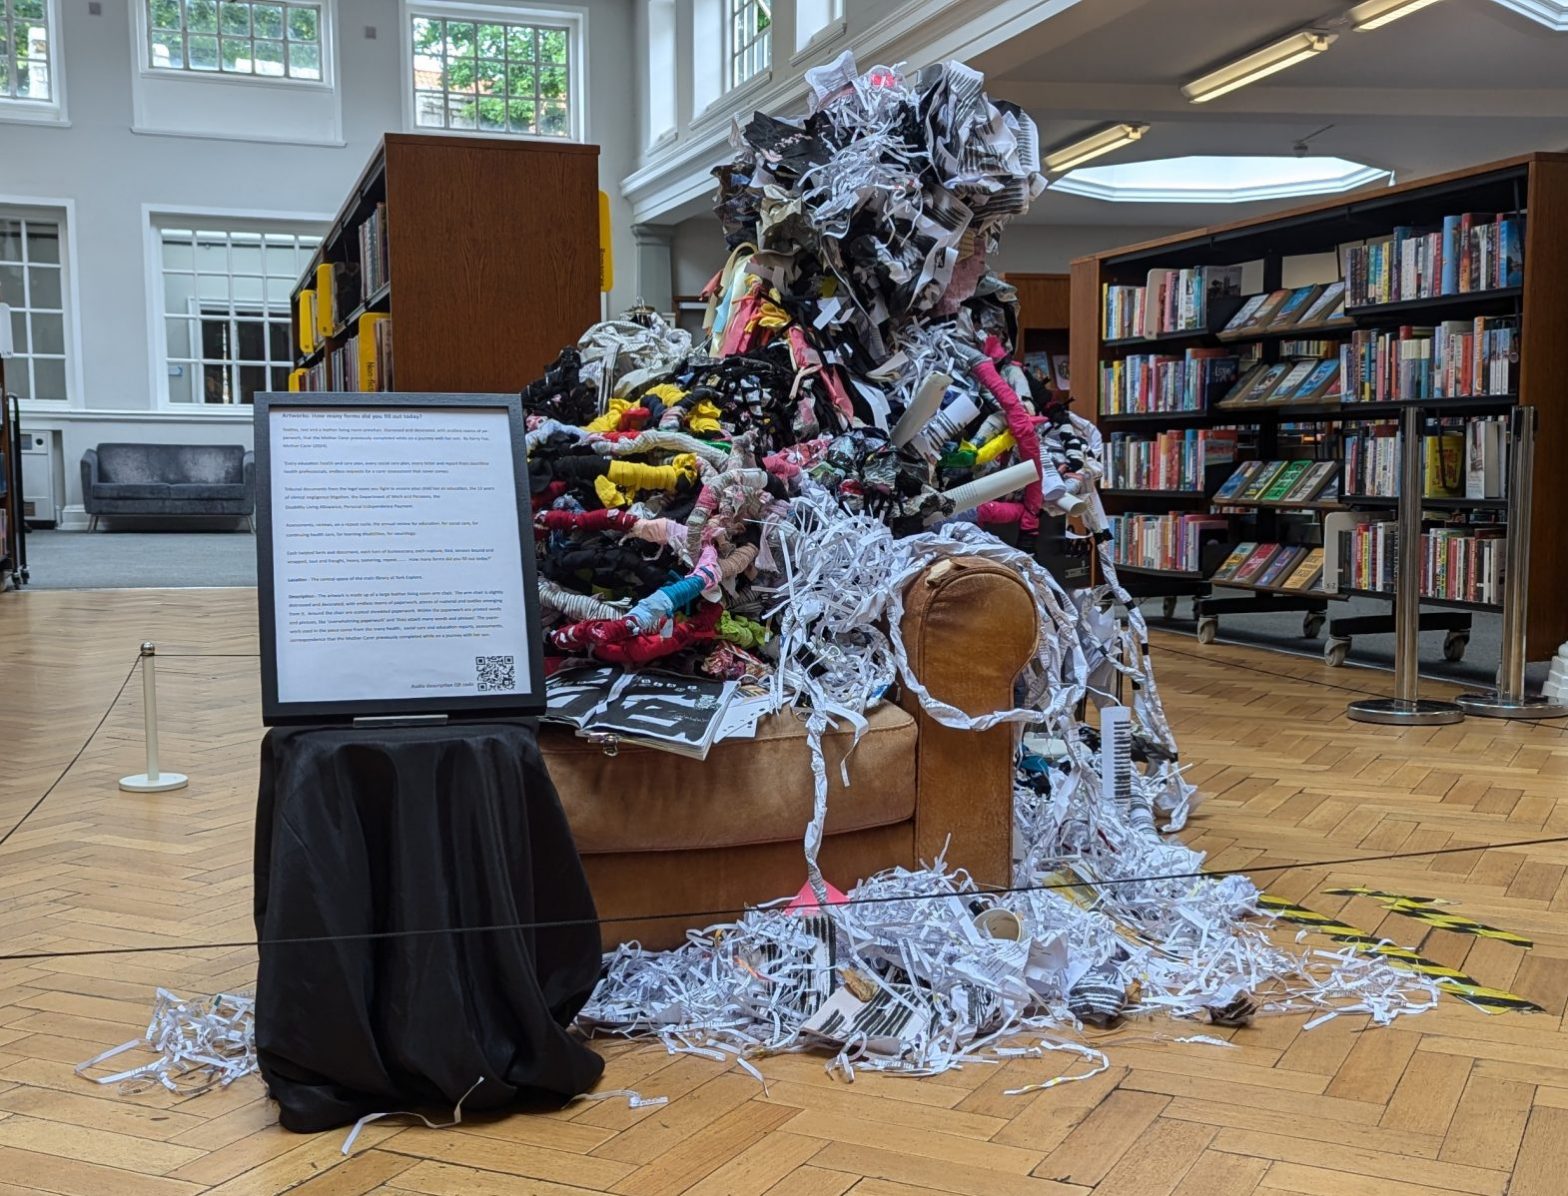 The artwork is made up of a large leather living room arm chair. The arm chair is slightly distressed and decorated, with endless reams of paperwork, pieces of material and textiles emerging from it. Around the chair are scatted shredded paperwork. Within the paperwork are printed words and phrases, like ‘overwhelming paperwork’ and ‘they attach many words and phrases’. The paper-work used in the piece come from the many health, social care and education reports, assessments, correspondence that the Mother Carer previously completed while on a journey with her son.
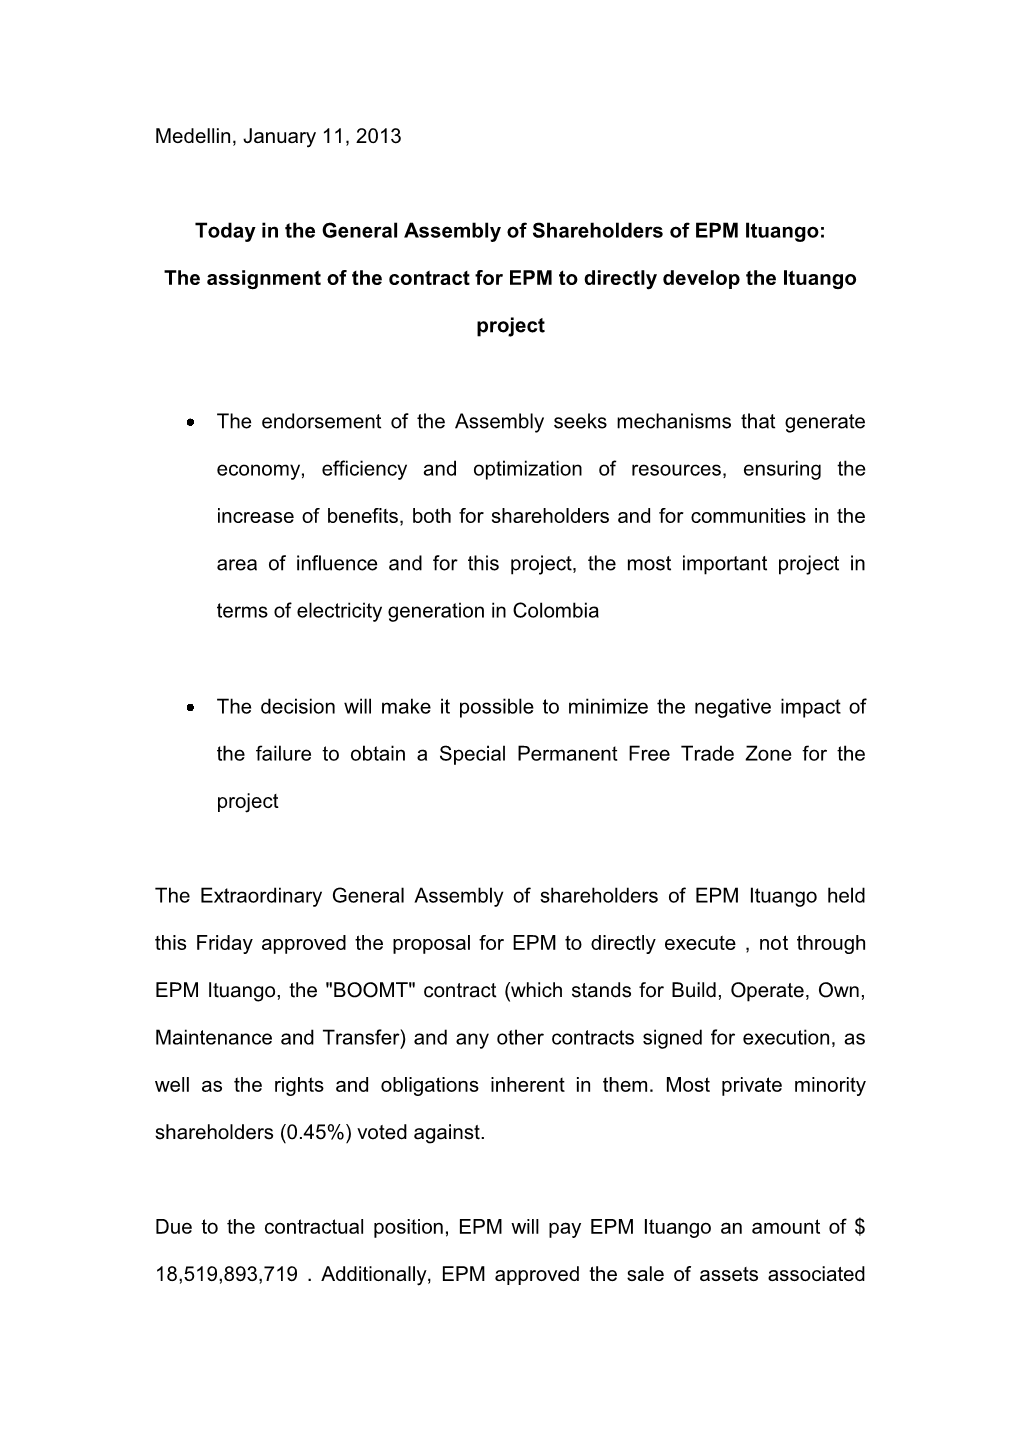 The Assignment of the Contract for EPM to Directly Develop the Ituango
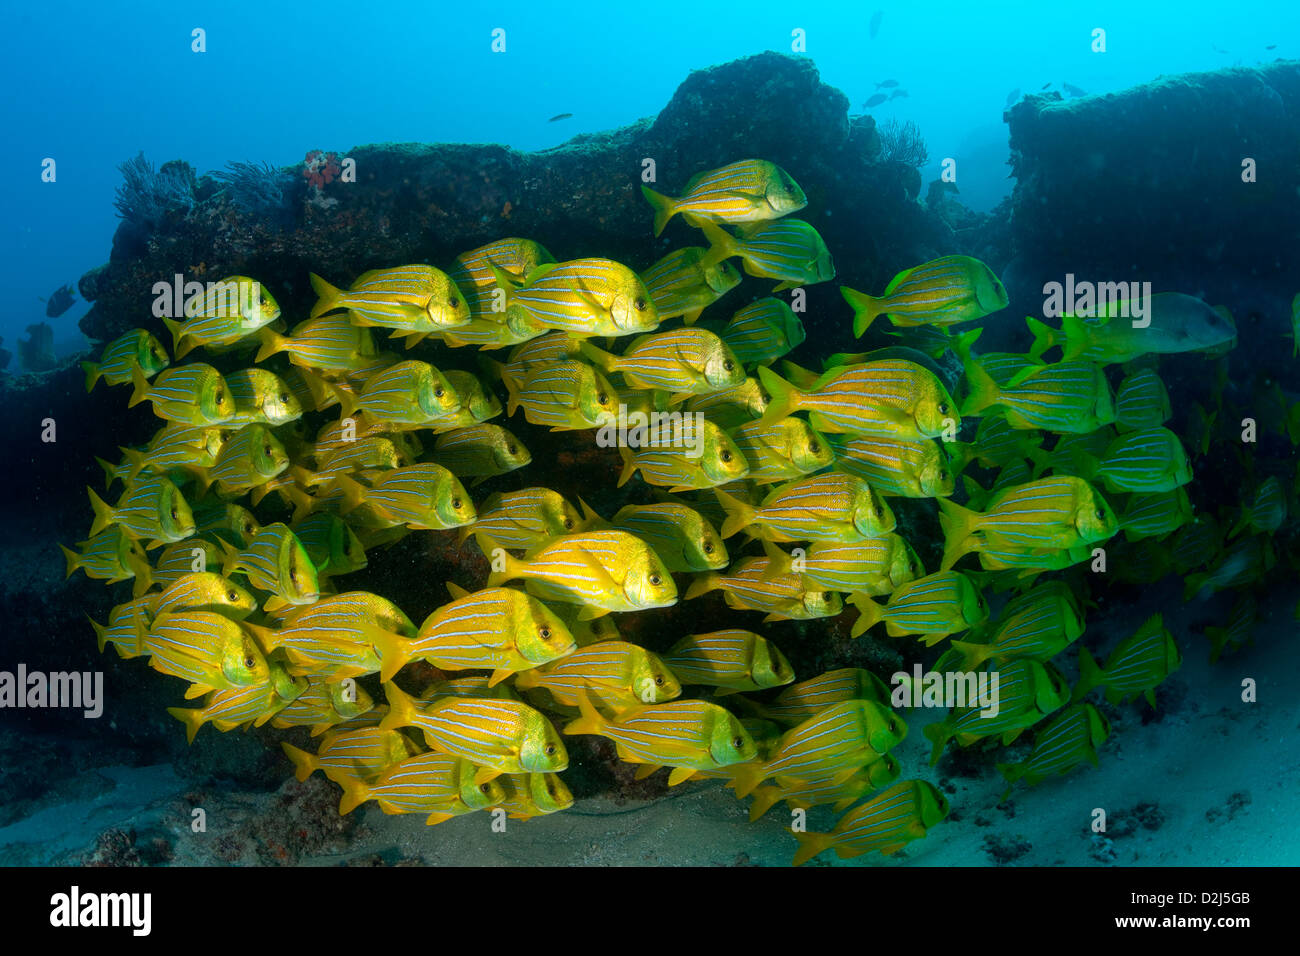 A large school of pork fish at Cabo Pulmo National Marine Park, Mexico. Stock Photo
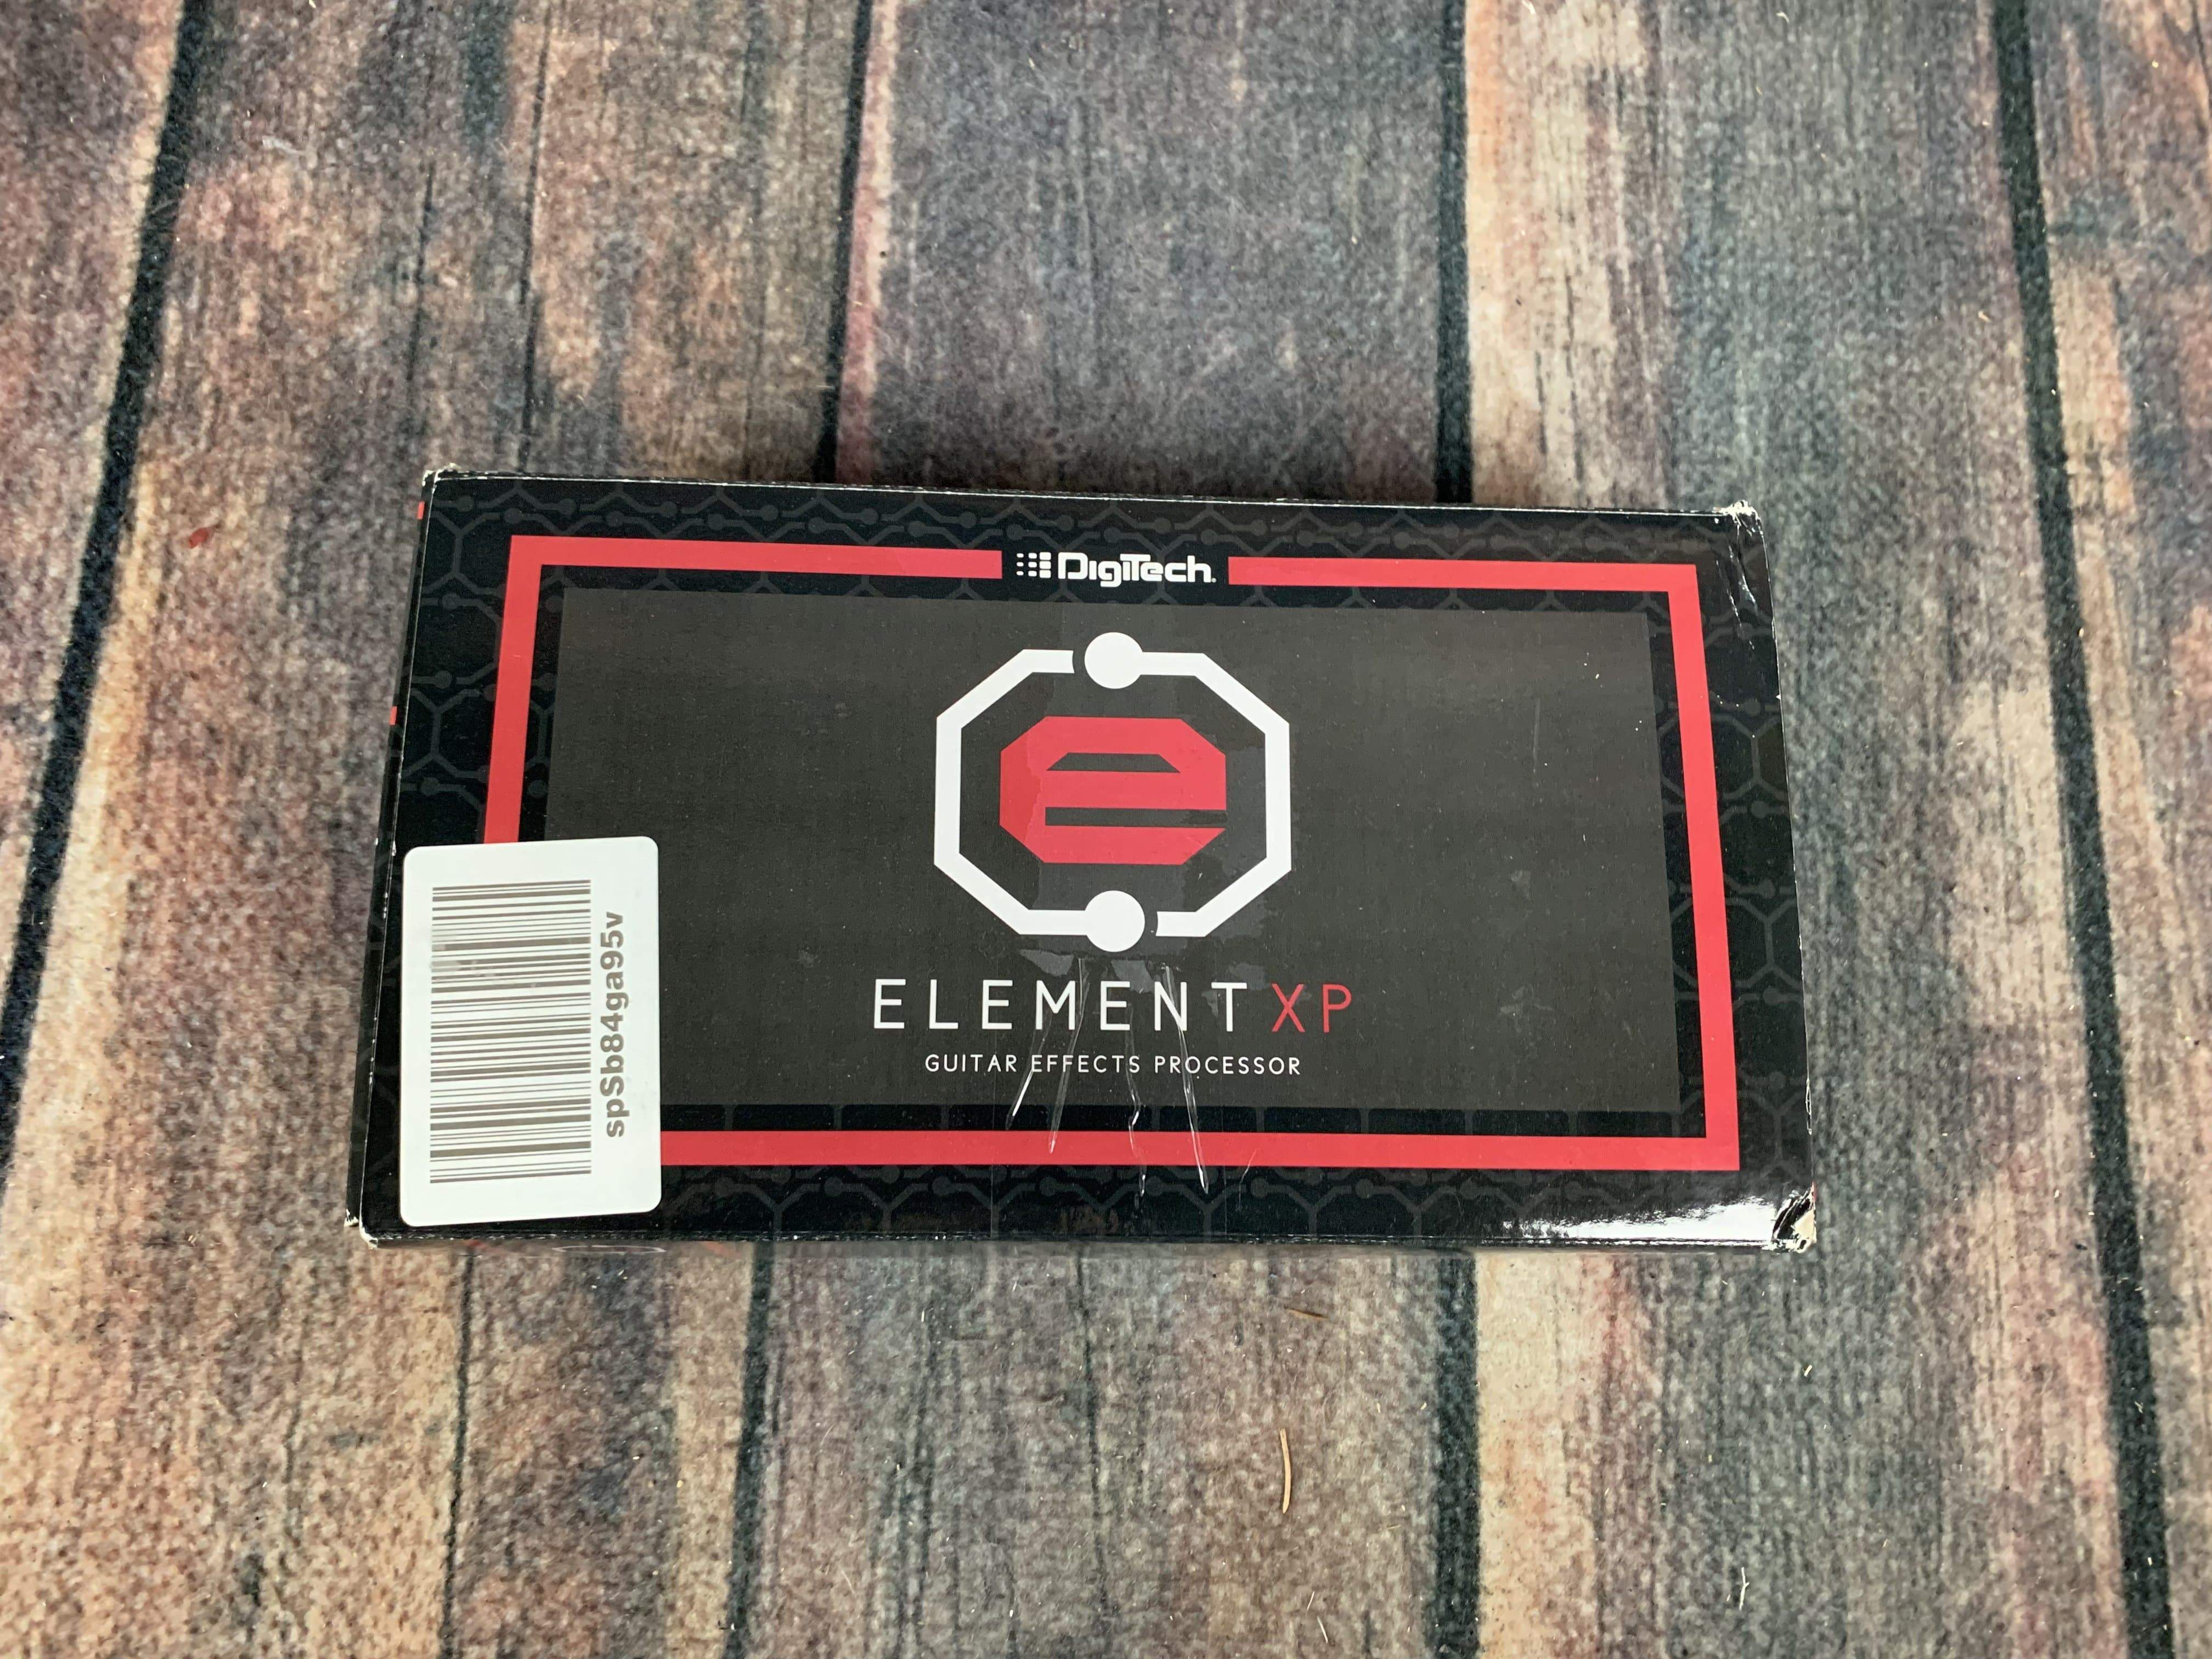 Used Digitech Element XP Multi-Effect Processor with Box

→ Your task: Each line from the one holding "The Assignment of" through the final line of the data needs to be transcribed exactly. Include both ends, skip the pictures, and add nothing.

→ Answer box:
 The Assignment of the Contract for EPM to Directly Develop the Ituango
 A large school of pork fish at Cabo Pulmo National Marine Park, Mexico. Stock Photo
 Used Digitech Element XP Multi-Effect Processor with Box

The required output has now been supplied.